The ability to manipulate the spin degree of freedom in semiconductors is of fundamental importance to the fields of spintronics and quantum technologies. In particular, the electrical control of carrier spin dynamics is the focus of intense research by the international community aimed at the realization of electronic devices that are faster and have lower power consumption than current ones. The Rashba effect is a spin-orbit interaction-dependent physical mechanism that allows for the exploration of spin-charge conversion processes in systems based on materials such as germanium. These are of great interest because of their compatibility with modern industrial fabrication techniques for integrated circuits.
A fully optical study of the physics of the Rashba effect in Ge/Si0.15Ge0.85 quantum wells embedded in electronic devices is shown in a paper presented in Advanced Optical Materials. Time- and polarization-resolved optical spectroscopy measurements allowed to define the spin orientation and demonstrate that the dynamics depends both on the density of photoexcited carriers and on quantum effects such as the quantum confined Stark effect.

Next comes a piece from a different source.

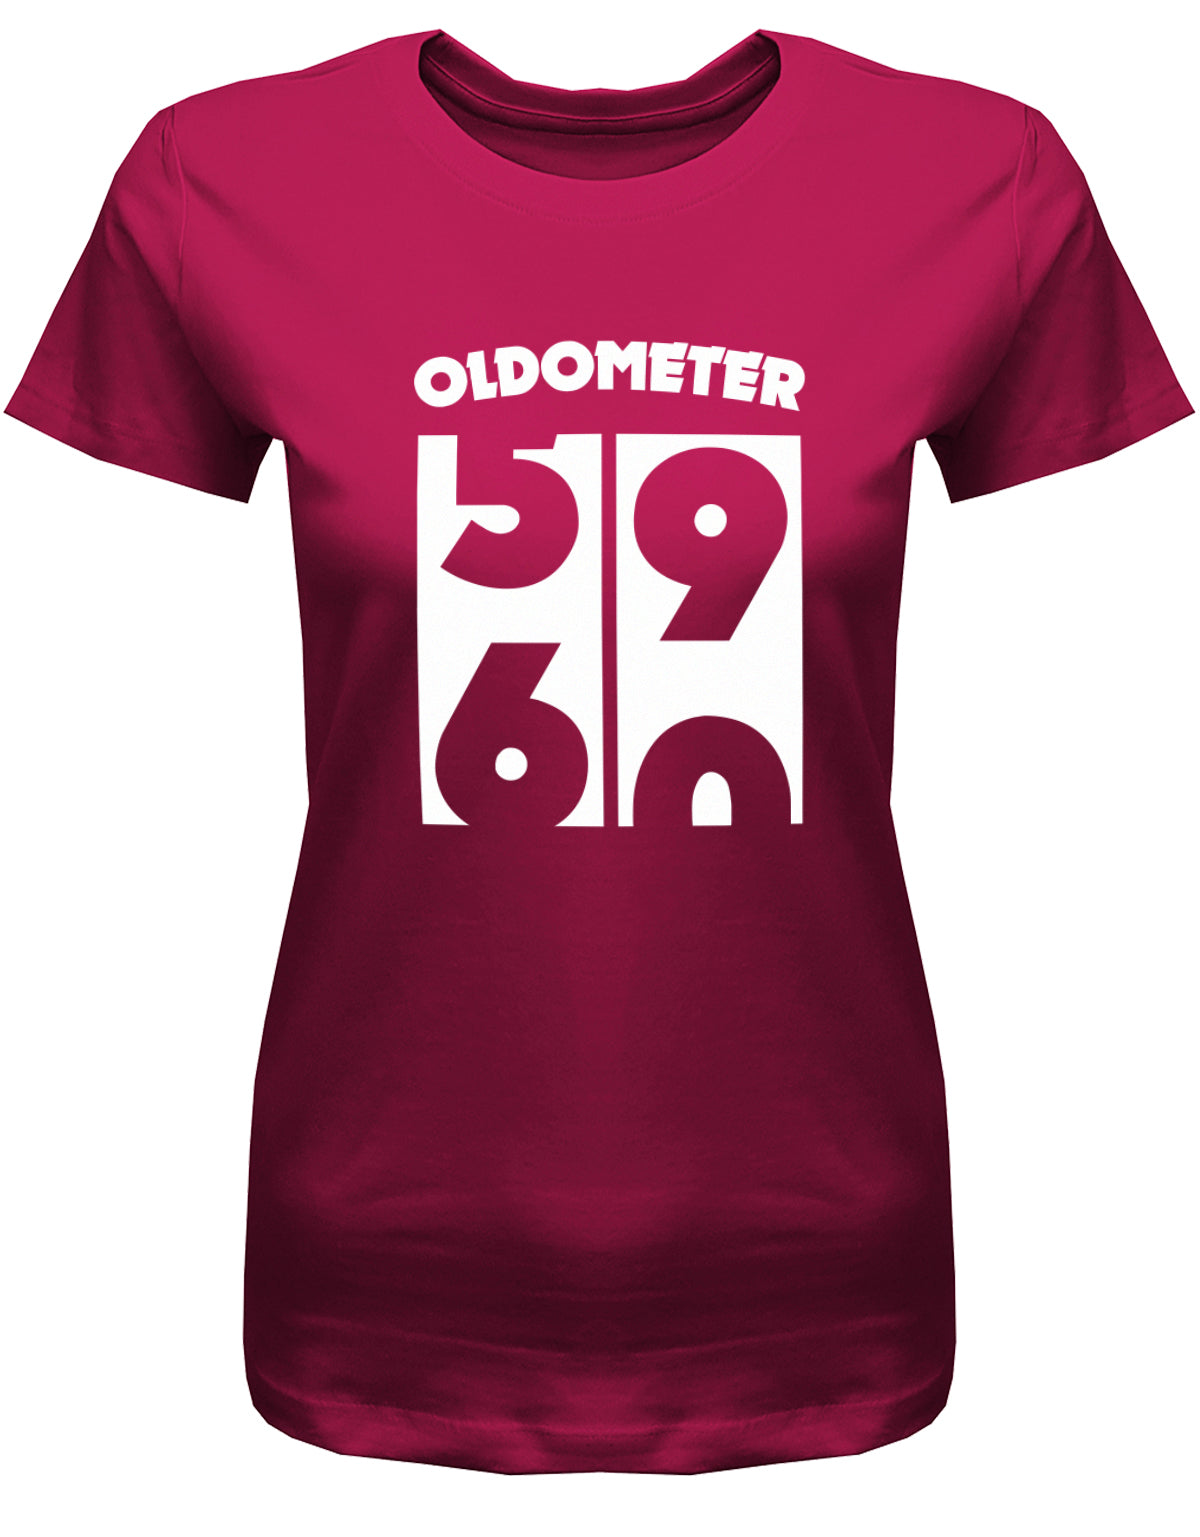 Lustiges T-Shirt zum 60 Geburtstag für die Frau Bedruckt mit Oldometer Wechsel von 59 zu 60 Jahren. Sorbet

This study demonstrates a new technique for manipulating the spin degree of freedom, proposing a novel strategy for engineering spin-orbit interaction by laser radiation thus paving the way for electro-optical spin manipulation in future quantum devices.
The work was carried out at the Department of Materials Science of the University of Milano-Bicocca, as described in the article "Optical Manipulation of the Rashba Effect in Germanium Quantum Wells," recently published in Advanced Optical Materials (Impact factor 10.050). The experimental analysis was carried out by a team from the Department of Materials Science led by Prof. Fabio Pezzoli, in collaboration with the groups of Prof. Giovanni Isella of the Politecnico di Milano and Prof. Xavier Marie of the Institut National des Sciences Appliquées in Toulouse.